The US Food and Drug Administration (FDA) has transitioned its Good Manufacturing Practices (GMP) inspections of API (active pharmaceutical ingredient) and dosage form manufacturers to countries that more accurately reflect the countries that supply APIs and dosage forms to the United States. In the past, the frequency of FDA inspections in India and China was far more limited than it is now.
I don’t see compliance standards being raised. Nor have new interpretations of GMP been implemented.
If you look at the warning letters issued to sites in India and China, the same deficiencies have been identified in the warning letters for the past 15 years, regardless of geography, particularly those in the areas of data management, data integrity and contamination and cross-contamination.
- Can you share an example where regulatory action, similar to what is being seen in Asia, was taken in the United States?
Some of the earliest enforcement actions in the area of data integrity were taken against firms in the US, back in 1999 through the mid-2000s. The ‘landmark’ Form 483 issued to Able Laboratories, an American firm, in 2005 highlighted the importance of reviewing audit trails and problematic submission of false information to the FDA. They were also cited for submission of false information to the FDA in either applications or periodic updates.
I don’t think firms have become lackadaisical, they are just seeing an increased FDA focus that is commensurate with the locations that supply most of the drugs, including APIs, sold in the US.
- What are some of the steps companies need to undertake in order to improve compliance?
First, I would suggest firms understand the intent and interpretation of regulations and guidance (or equivalent for countries outside the US) published by the regulatory authorities for their intended markets.

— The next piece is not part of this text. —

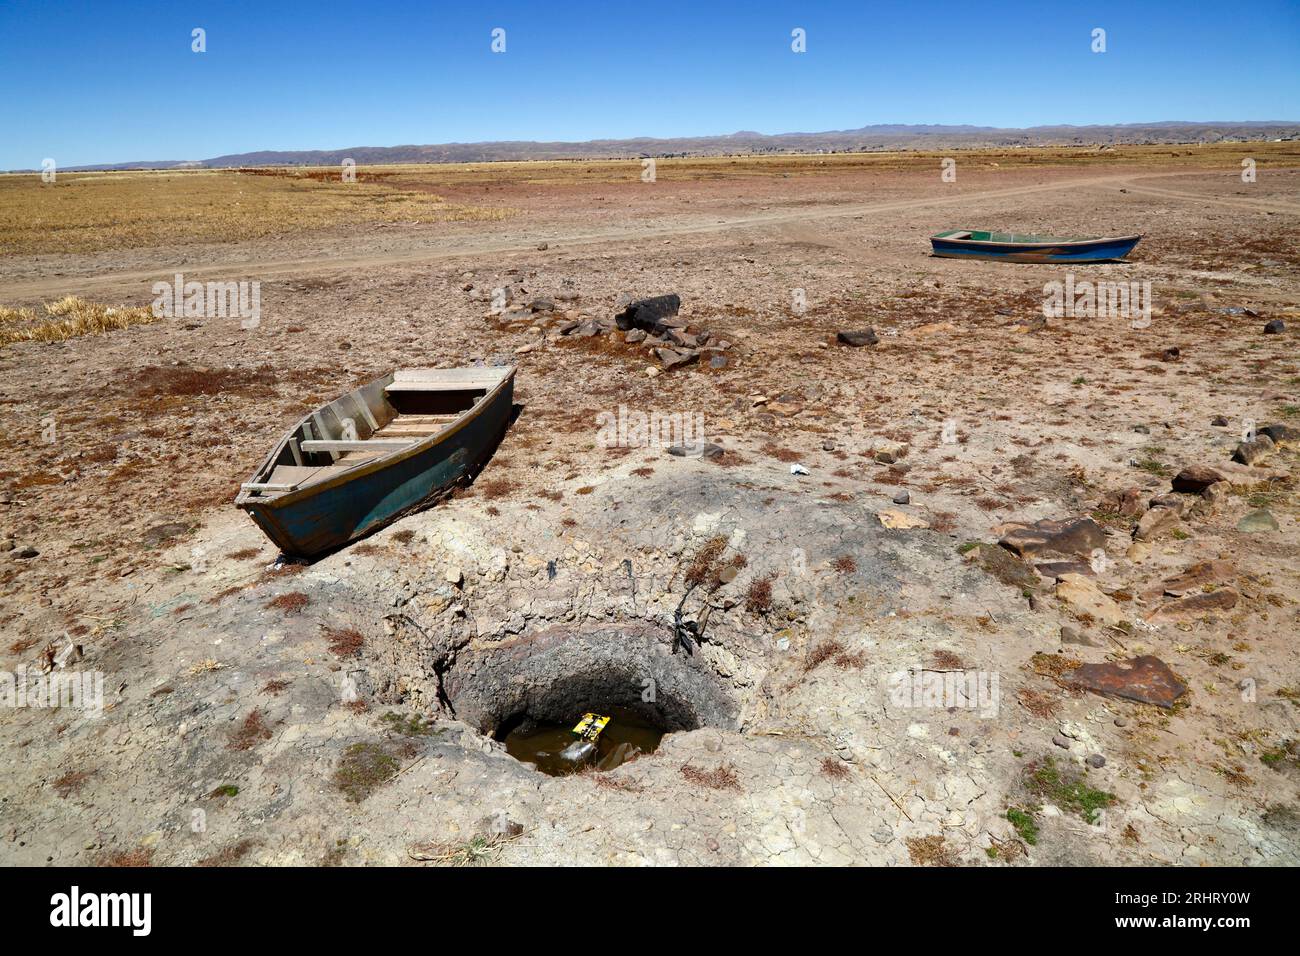 Lake Titicaca, BOLIVIA; August 18th 2023: Wooden rowing boats next to a well dug by villagers on the dried up shore of Cohana Bay on the Inner Lake / Huiñay Marka (the smaller part of Lake Titicaca) near the village of Cohana. Water levels in Lake Titicaca are approaching the record low level set in 1996, the lowest since Bolivia's weather service (Senhami) started keeping records in 1974. Many are blaming climate change; the last few years have been drier than normal and El Niño is currently strengthening in the Pacific Ocean off South America. Stock Photo

Second, pharma companies should attend industry meetings such as those sponsored by PDA (Parenteral Drug Association), DIA (The Drug Information Association) and ISPE (International Society for Pharmaceutical Engineering) and join local chapters of these organizations. This is a valuable way to hear directly from regulators and to meet colleagues with who you can benchmark.
Third, learn from the mistakes of others. The FDA is uniquely transparent with enforcement actions, so it is important to track the content of Form 483s and warning letters. Don’t wait for a regulatory authority to find your deficiencies. Learn from the mistakes of other drug makers and bring about systemic changes where required.
It’s far more economical to identify and correct shortcomings internally than wait for the FDA, or European inspectors or others, to take regulatory action. It’s also less disruptive and less expensive for the business than hiring a large group of consultants after an inspection to assist with remediation in the hope of preventing additional official action.
The information needed to identify what the FDA considers problematic in the area of data management and data integrity has been publicly available for many years.
- What are some of the common mistakes companies make during an inspection?
The best advice I can give on how to effectively manage inspections is to truly understand your systems and processes, be honest and transparent, speak with confidence, and have data to justify your decisions and actions.
Problems occur when the FDA feels data is being delayed or withheld, or the firm is not being honest when questioned. Establishing and maintaining trust of regulatory authorities is essential.
They fully understand that mistakes and deviations occur. But the regulators should have faith that the company will ‘do the right thing’ in response to the events and will not cover up failures or problems.
- During your stint as director, corporate quality compliance at Amgen, you developed, implemented and maintained a comprehensive GMP Intelligence Program. Could you share some of its features?
The GMP Intelligence Program was initially established to ensure that Amgen was aware of all new and revised laws, directives, regulations, guidelines and guidance from the FDA, EMA and Health Canada.
When draft and final versions of these documents were published, I provided analysis and identified the ‘new’ features of the publication and areas where the company might need to consider changes.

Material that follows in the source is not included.